Retype the data exactly, from its first line to the line containing "Arroz con Leche Lala - Nutrition facts - es", including both, and skip any picture.

(Information shown)
###

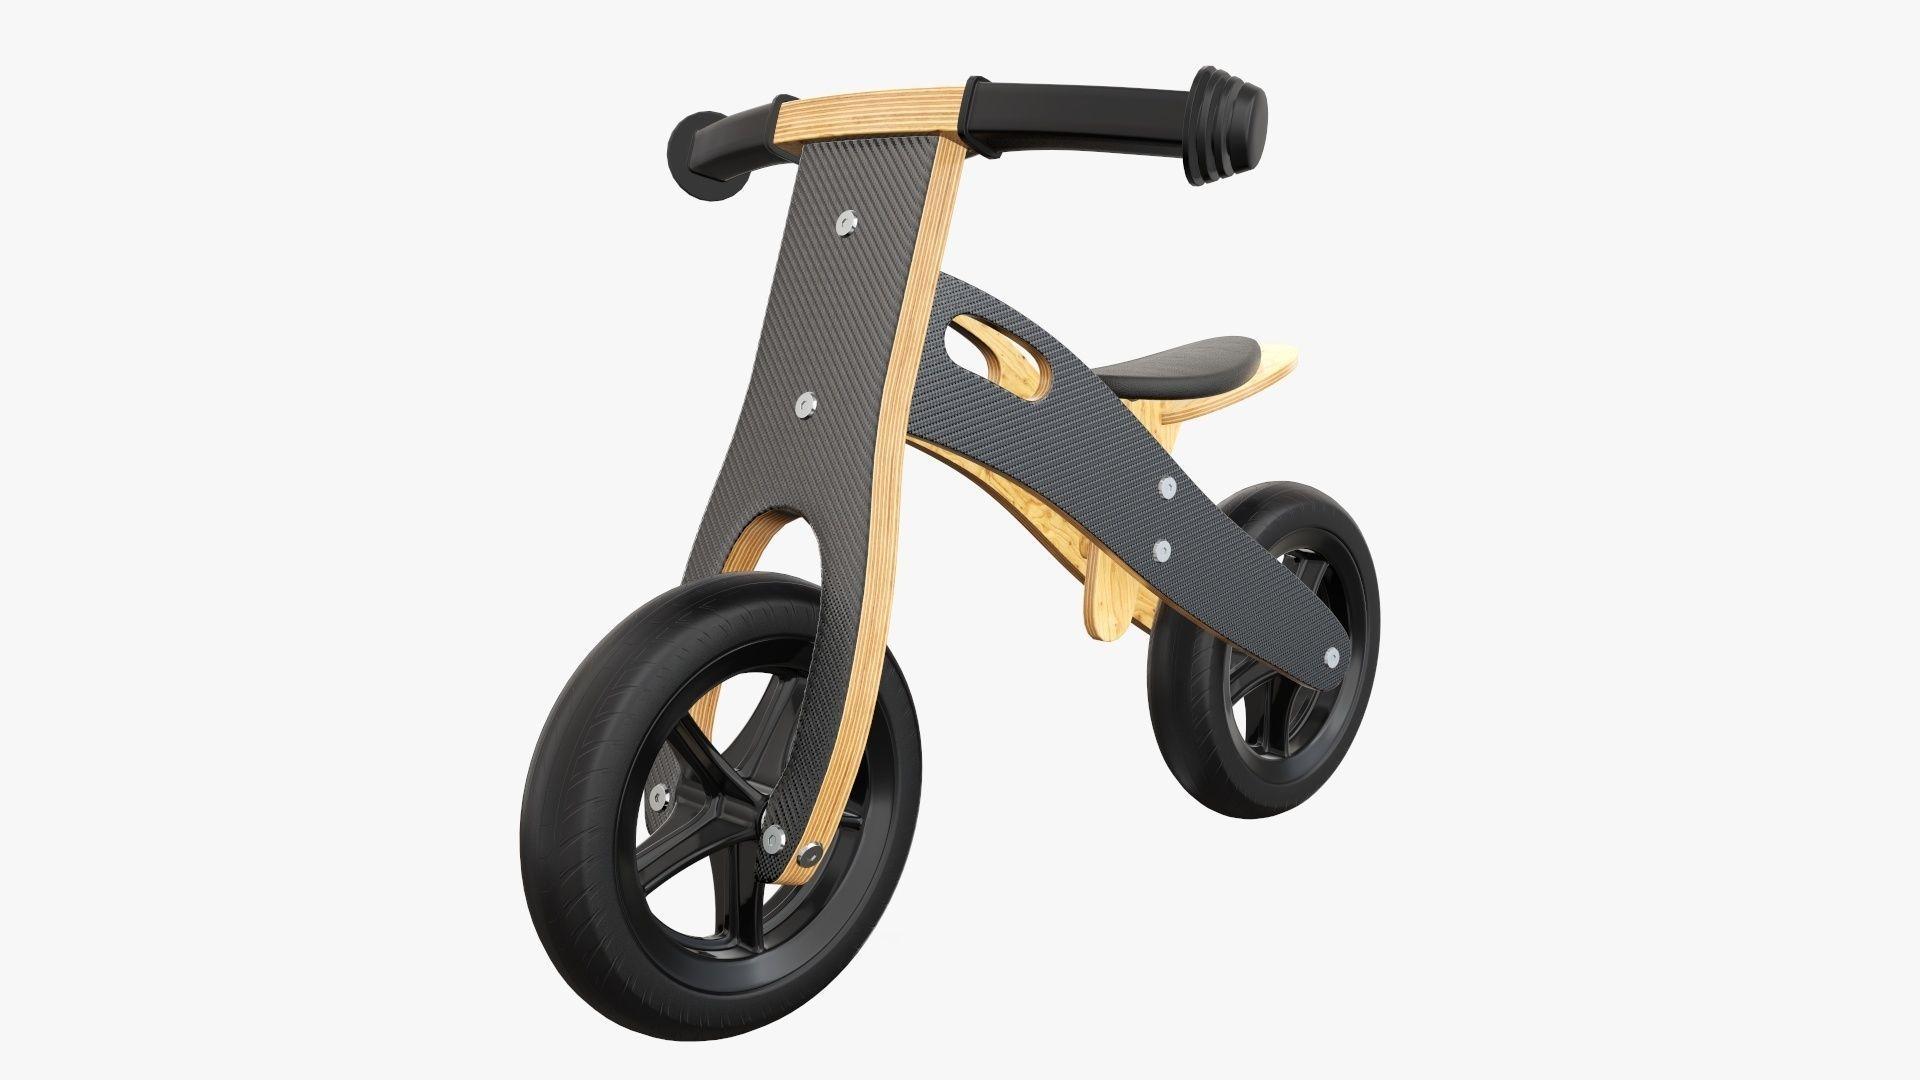 Balance bike for kids wooden
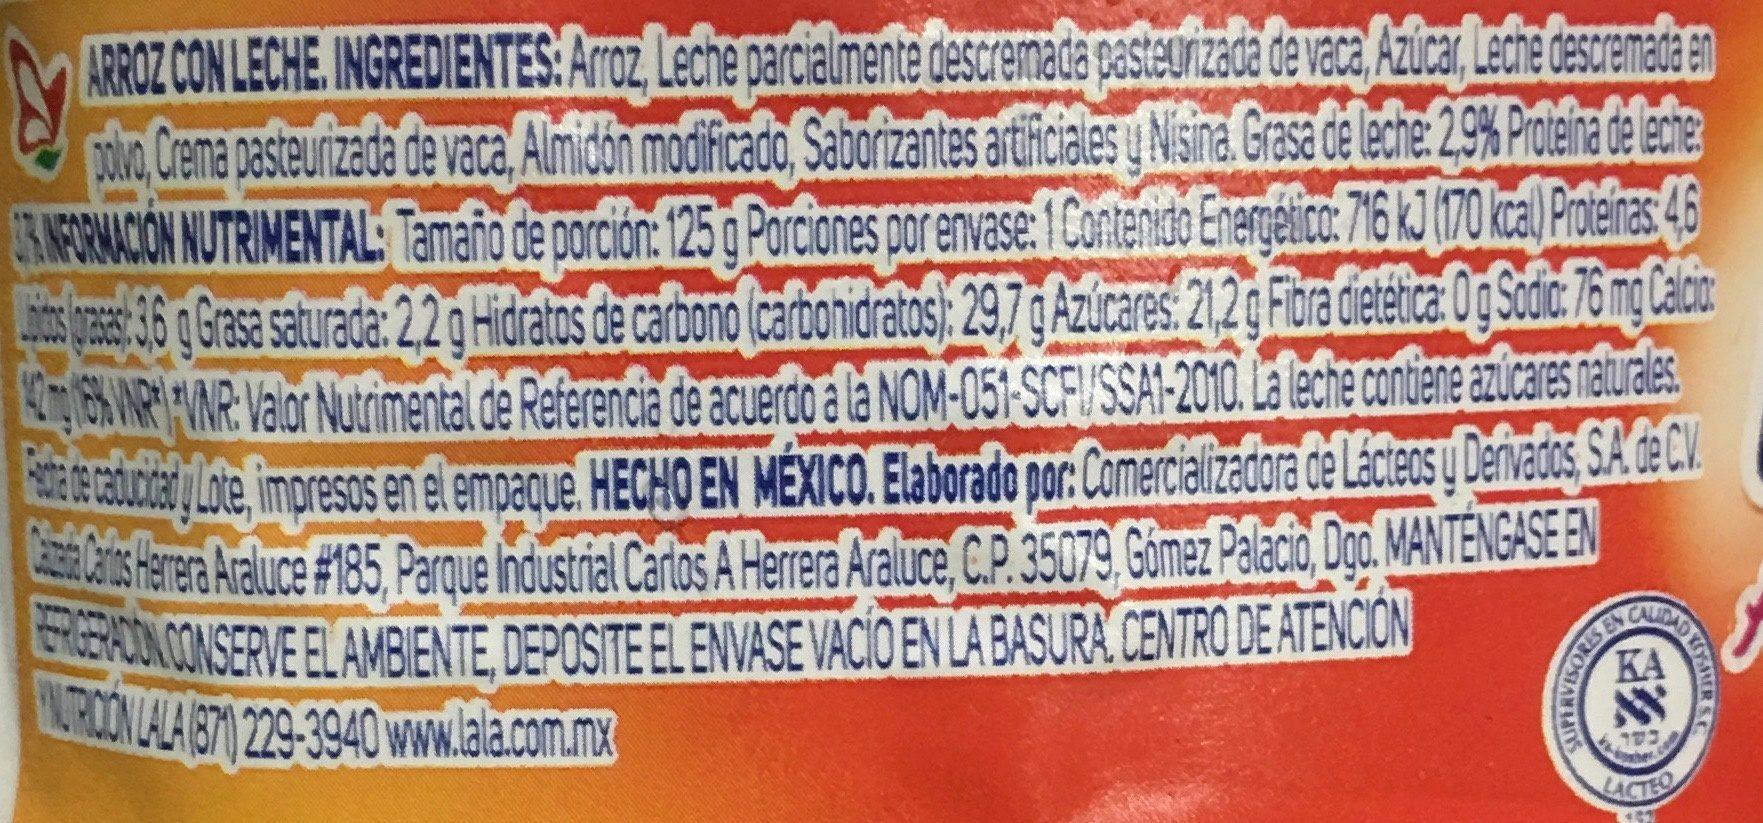 Arroz con Leche Lala - Nutrition facts - es
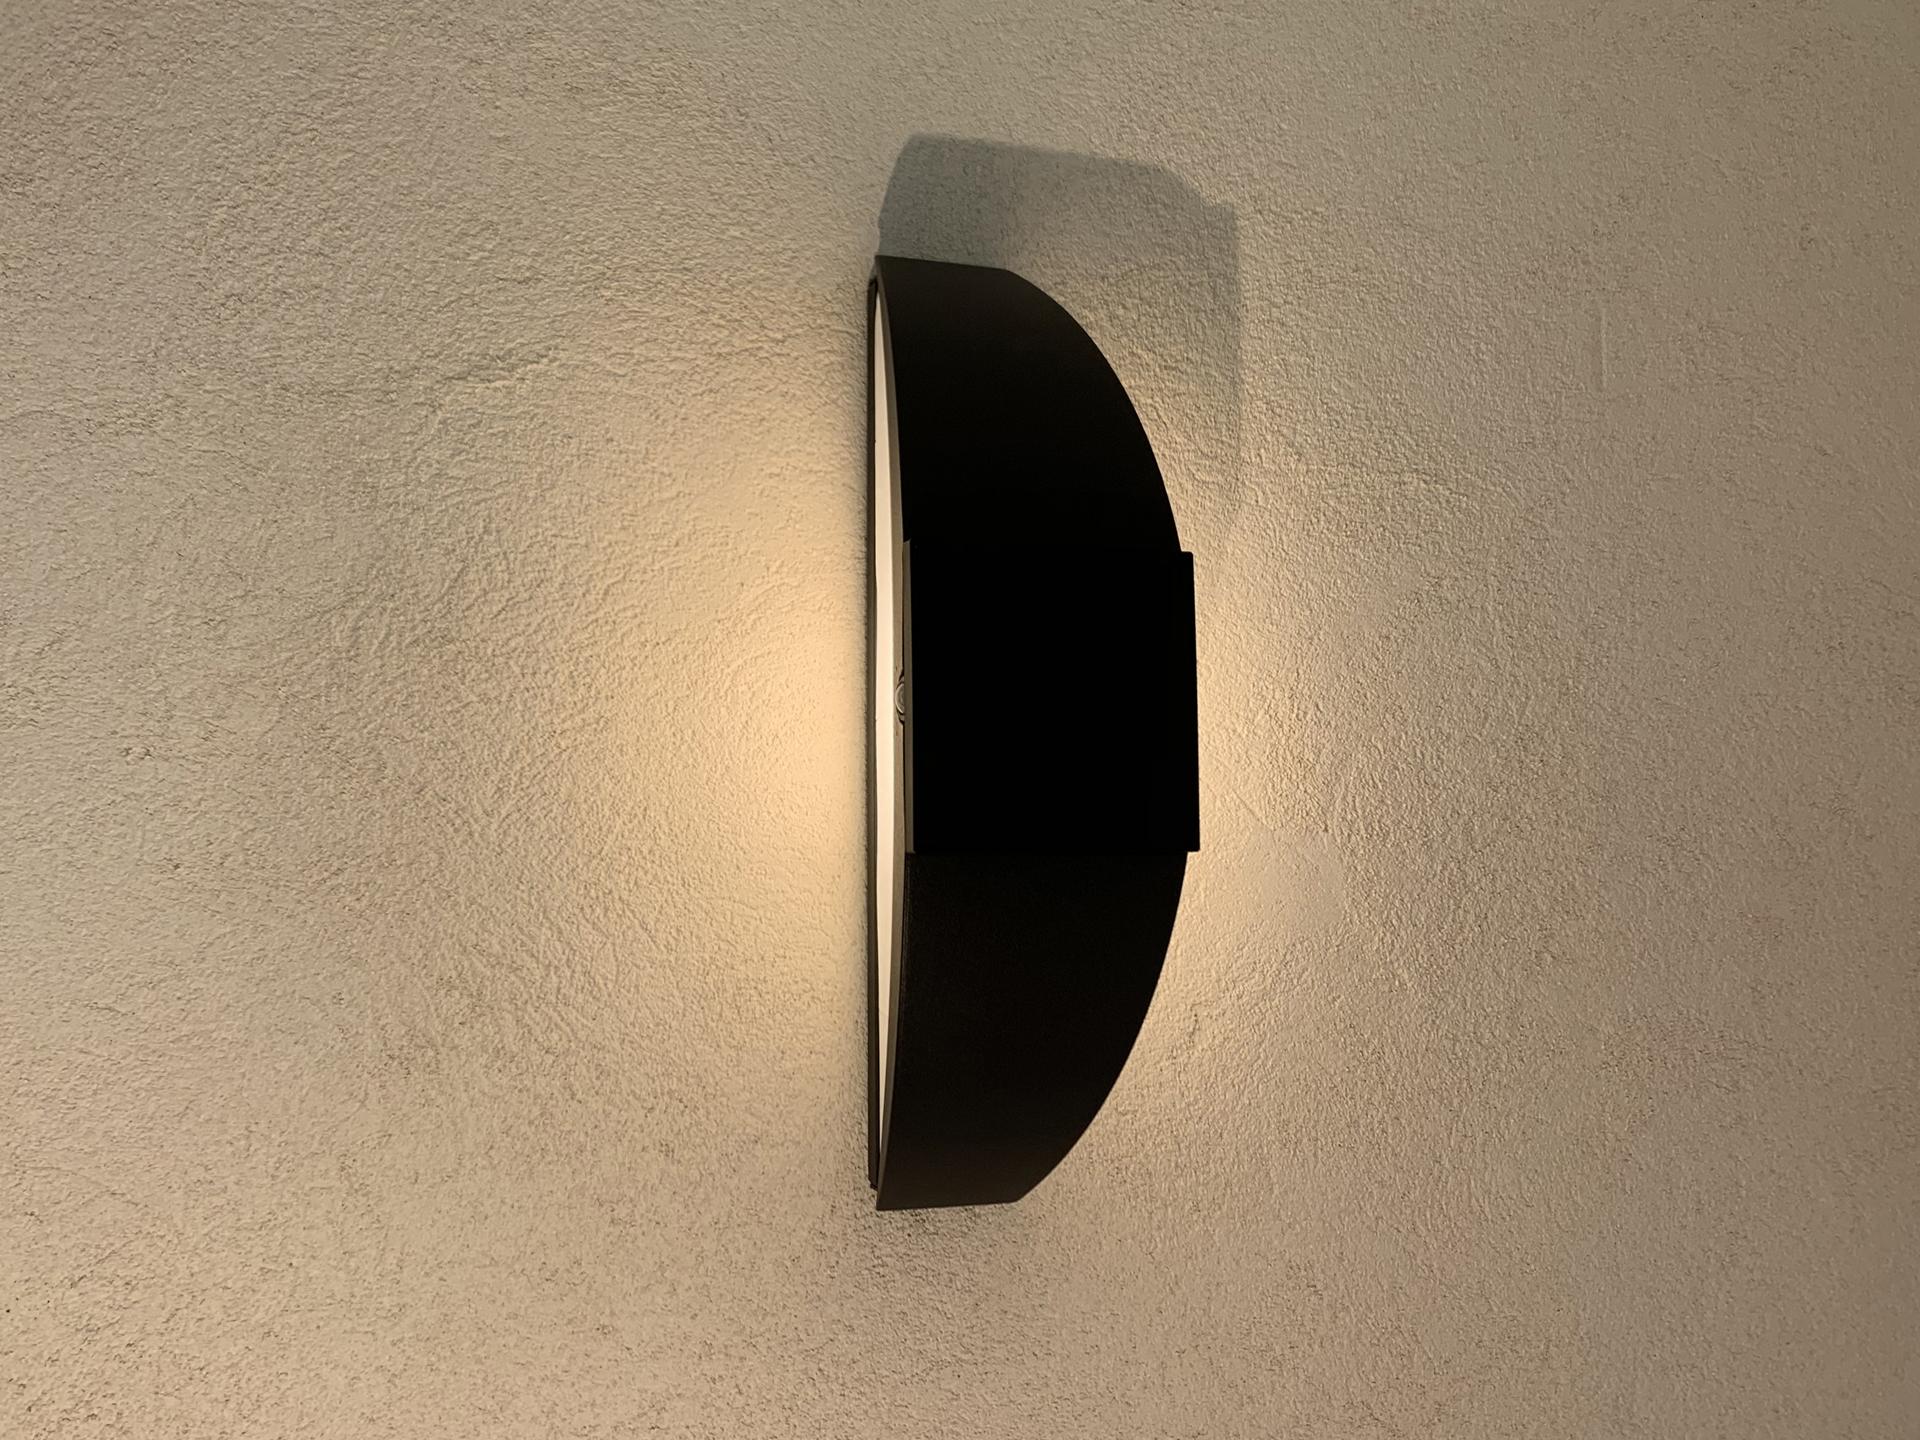 Applique extérieur solaire en acier, rouille Corten ou gris anthracite. Cette applique extérieur murale solaire permet un éclairage performant et un éclairage puissant. La lampe d'extérieur solaire Trait de Lune s'adapte à tout type d'environnement pour un éclairage extérieur design. Comme toutes les appliques extérieur solaires LYX Luminaires, l'applique extérieur solaire Trait de Lune est de conception et de fabrication française. L'applique extérieur design Trait de Lune est idéale pour l'éclairage de façades, l'éclairage de façade, l'éclairage d'entrée, l'éclairage de terrasse, l'éclairage de balcon. La lampe d'extérieur murale solaire Trait de Lune est déclinée en borne d'extérieur LED, en spot LED, en applique murale LED et en borne extérieure solaire. Les lampes extérieures murales LYX Luminaires offrent un éclairage moderne.

###

(Response)
 Balance bike for kids wooden
 Arroz con Leche Lala - Nutrition facts - es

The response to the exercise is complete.